For each pair of (x,y) that satisfies the condition, we need to consider the positive and negative values.
So, let's start
1. x = 0
If x = 0 ⇒ \(y^2 = 100\)
\(y = \pm 10\)
Hence we have two pairs of (x,y) ⇒ (0,10) & (0,-10)
When the positions are swapped, we have two more pairs of (x,y) ⇒ (10, 0) and (-10, 0)

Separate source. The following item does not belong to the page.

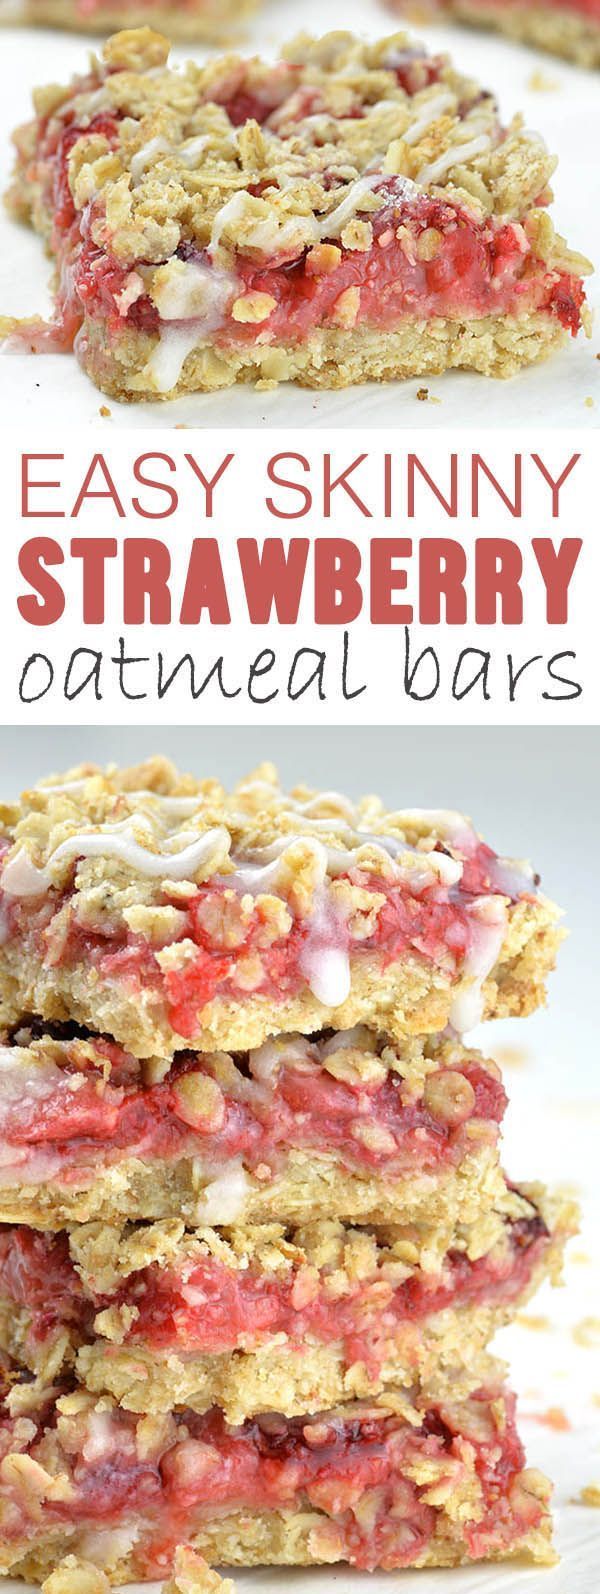 Easy Skinny Strawberry Oatmeal Bars is super simple, one-bowl and no-mixer recipe for healthy dessert, kid-friendly snack or
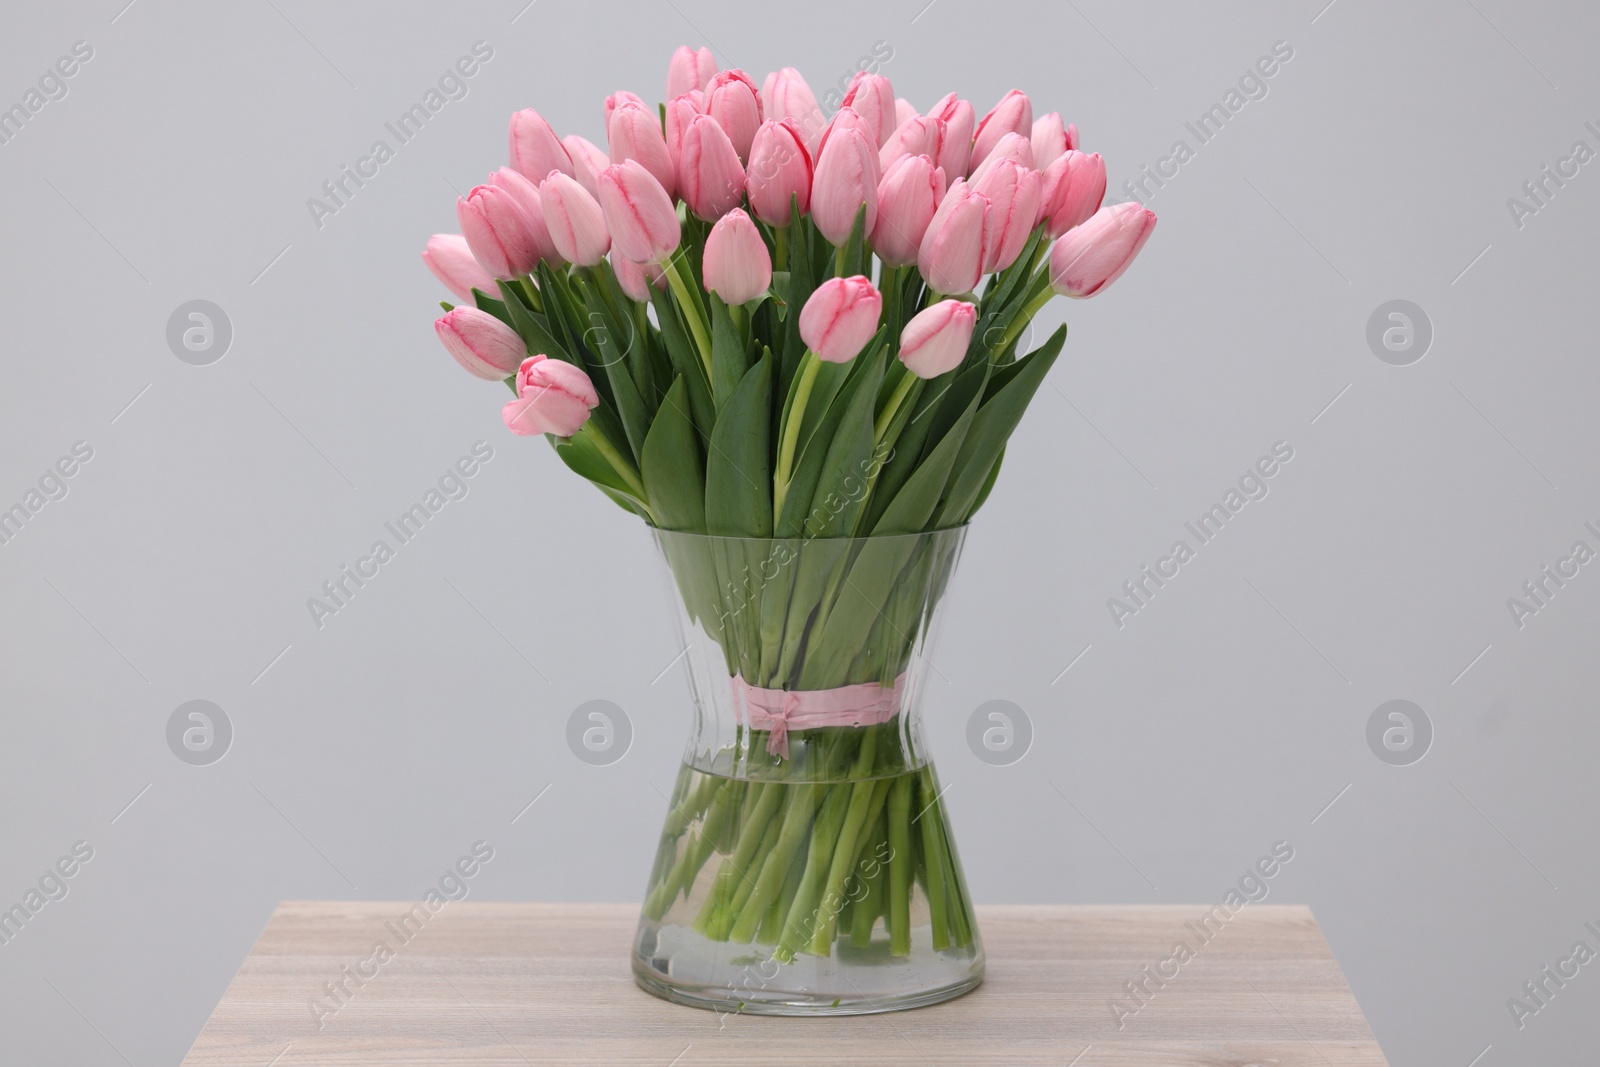 Photo of Bouquet of beautiful pink tulips in vase on wooden table against grey background

Therefore, 4 pairs of (x,y) until now.
2. x = 1
\(x^2 + y^2 = 100\)
\(y^2 = 99\)
y is not an integer. Ignore.
3. x = 2
\(x^2 + y^2 = 100\)
\(y^2 = 96\)
y is not an integer. Ignore.
4. x = 3
\(x^2 + y^2 = 100\)
\(y^2 = 91\)
y is not an integer. Ignore.
5. x = 4
\(x^2 + y^2 = 100\)
\(y^2 = 84\)
y is not an integer. Ignore.
6. x = 5
\(x^2 + y^2 = 100\)
\(y^2 = 75\)
y is not an integer. Ignore.
7. x = 6
\(x^2 + y^2 = 100\)
\(y^2 = 64\)
If \(x^2 = 36\), we can have two values of x, i.e. \(\pm 6\) ; similarly, y can have two values, \(\pm 8\)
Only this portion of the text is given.